*EXERCISE AIM*:
Copy the listing below exactly. Pictures stay out of it.

*DATASET EXCERPT*:
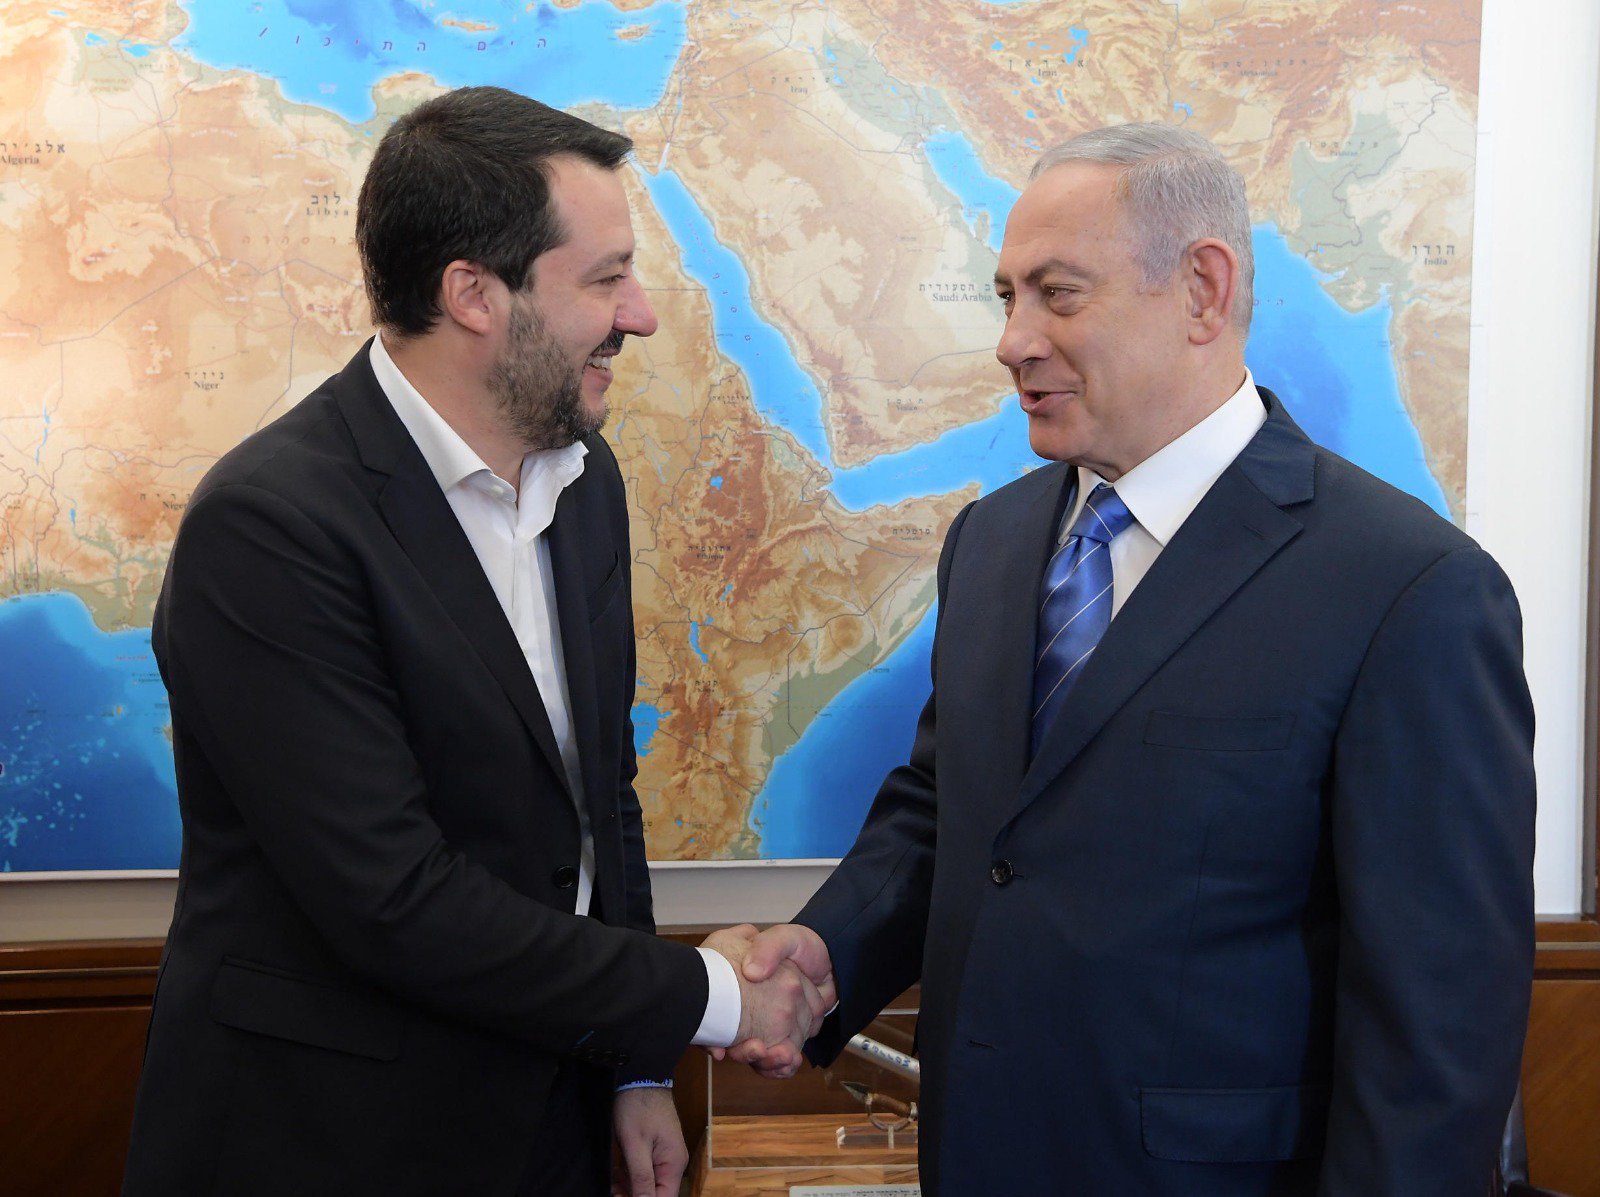 رئيس الوزراء الإسرائيلي بنيامين نتنياهو استقبل وزير الداخلية نائب رئيس الوزراء الإيطالي ماتيو سالفيني
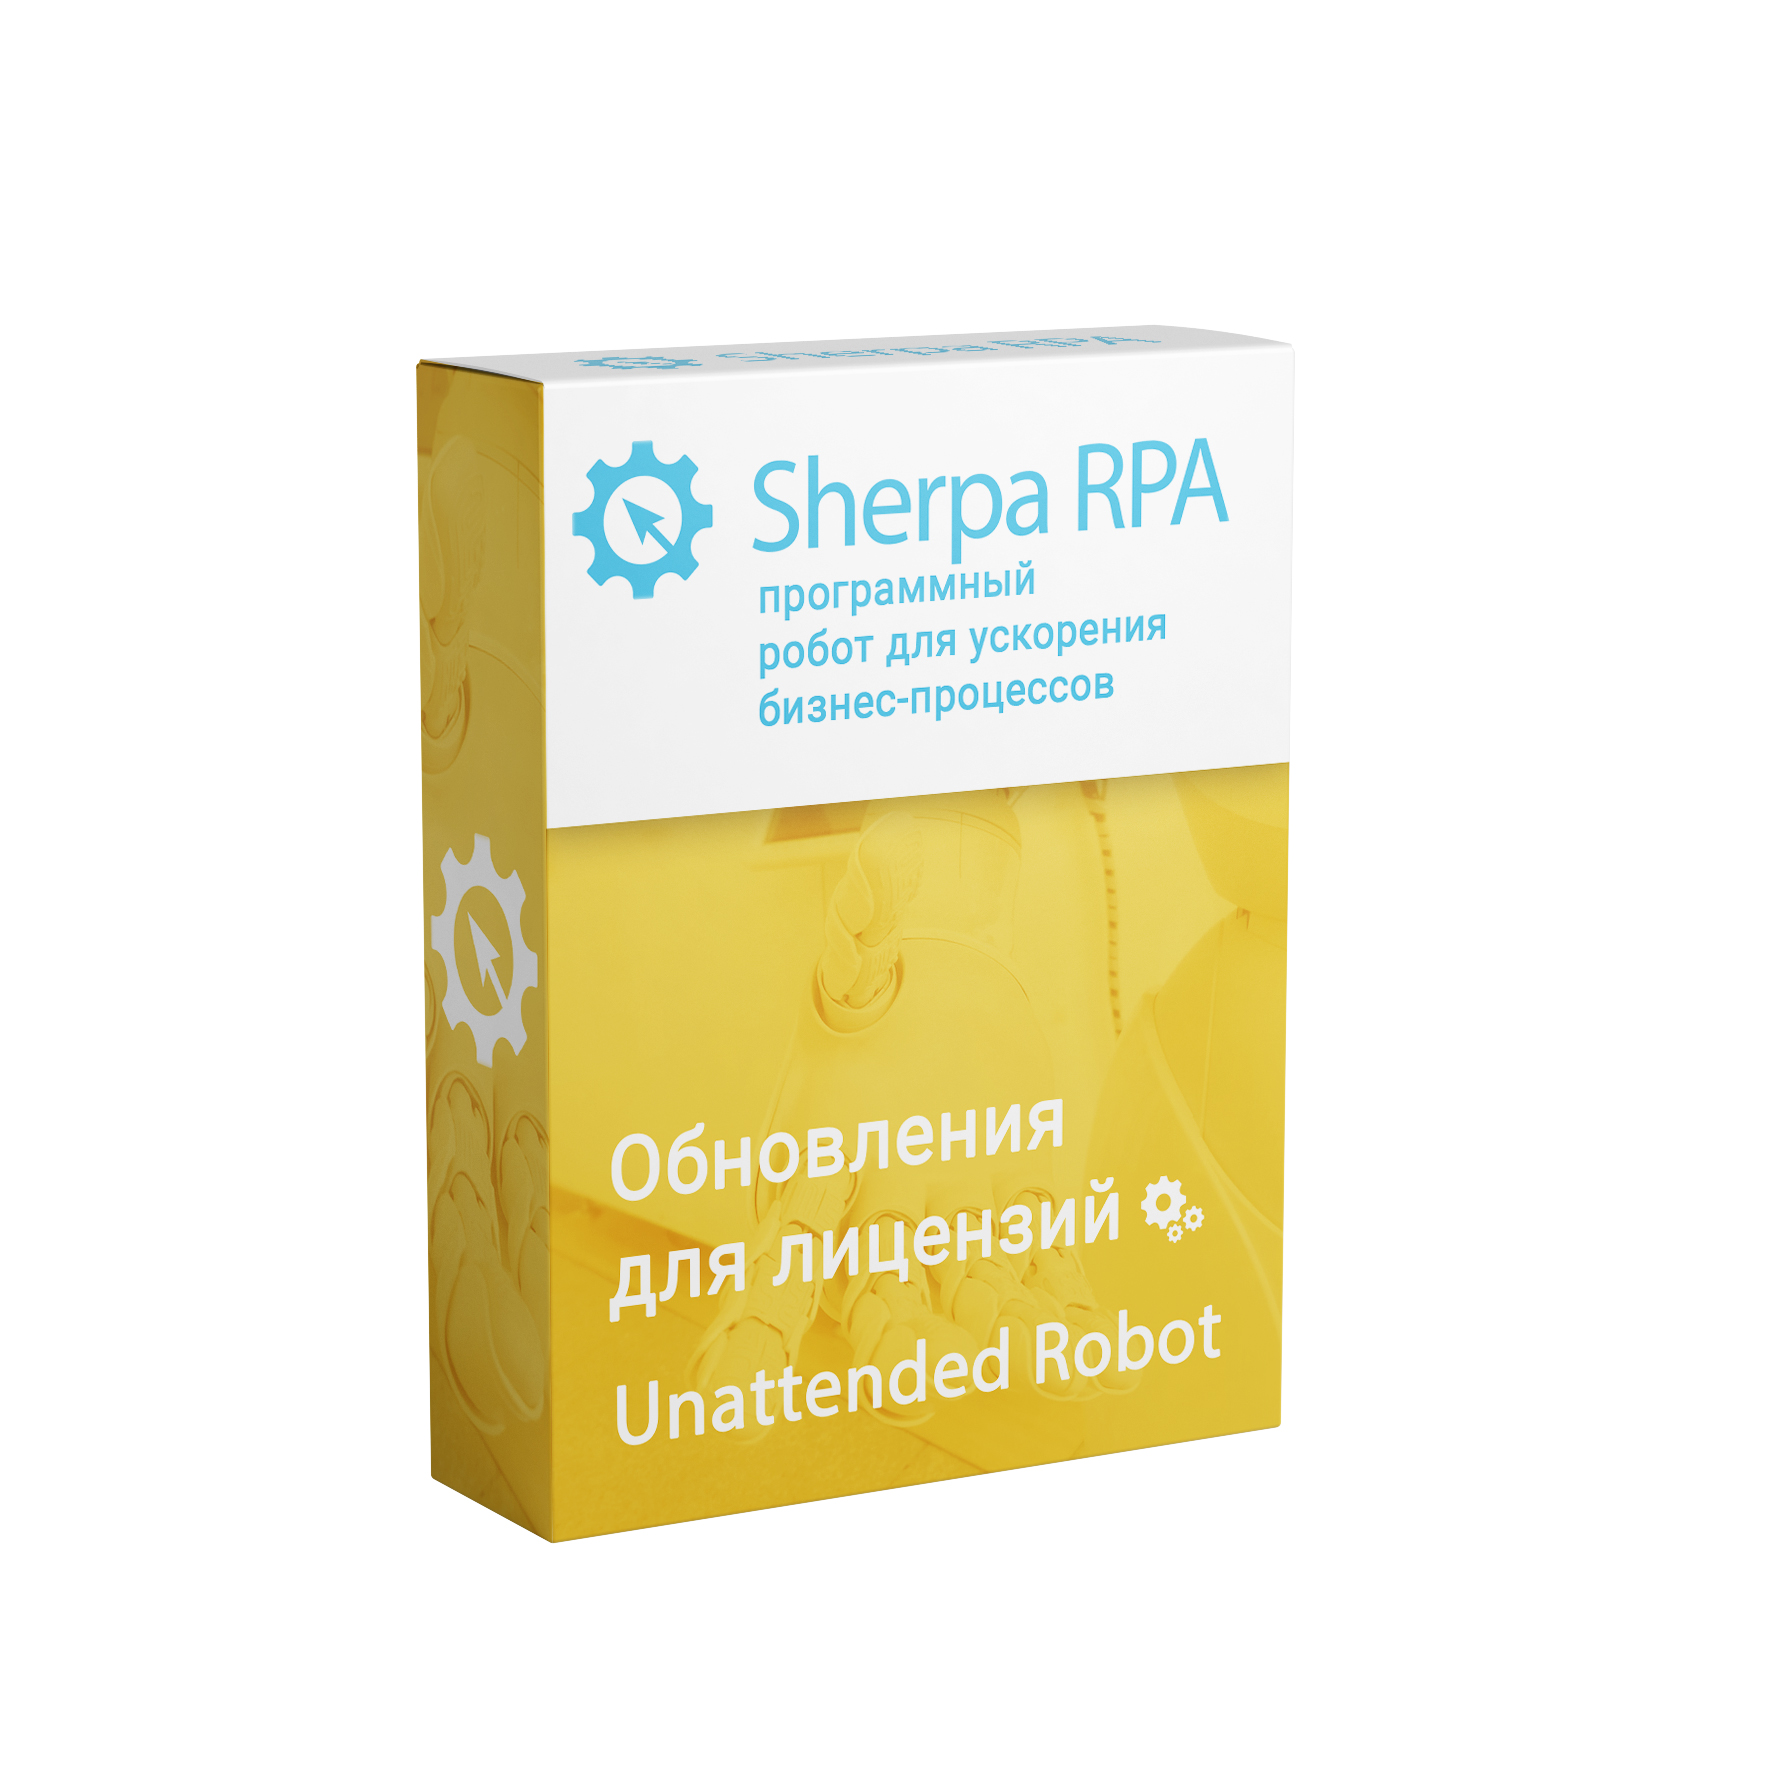 Обновление Sherpa RPA (Unattended Robot Бессрочная)второй и каждый следующий год использования
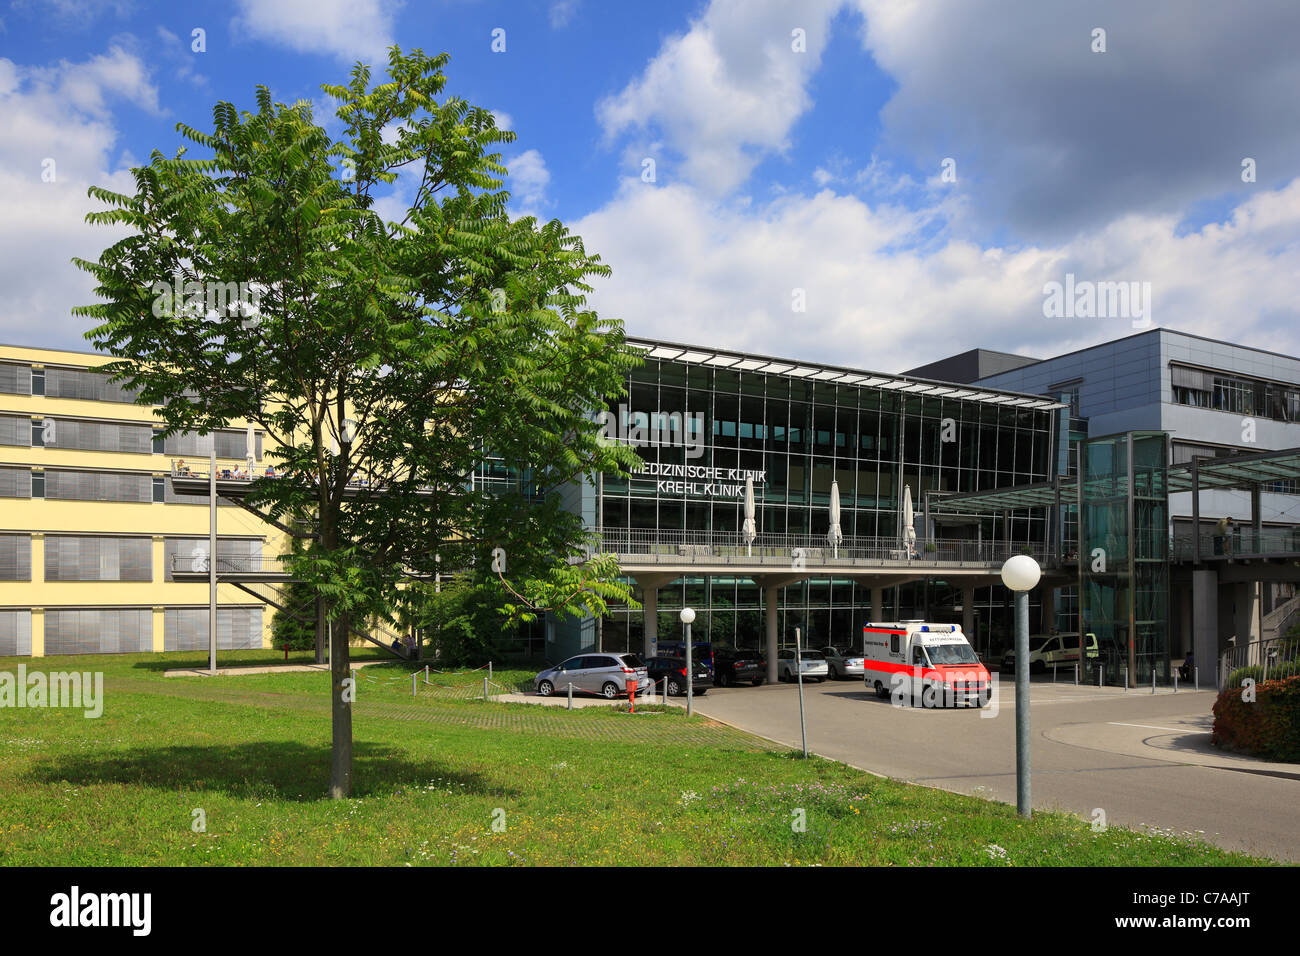 Universitaetsklinikum der Ruprecht-Karls-Universitaet in Heidelberg, Baden-Wuerttemberg, Haupteingang der Krehl Klinik, Medizinische Klinik Stock Photo

*REPLY*:
 رئيس الوزراء الإسرائيلي بنيامين نتنياهو استقبل وزير الداخلية نائب رئيس الوزراء الإيطالي ماتيو سالفيني
 Обновление Sherpa RPA (Unattended Robot Бессрочная)второй и каждый следующий год использования
 Universitaetsklinikum der Ruprecht-Karls-Universitaet in Heidelberg, Baden-Wuerttemberg, Haupteingang der Krehl Klinik, Medizinische Klinik Stock Photo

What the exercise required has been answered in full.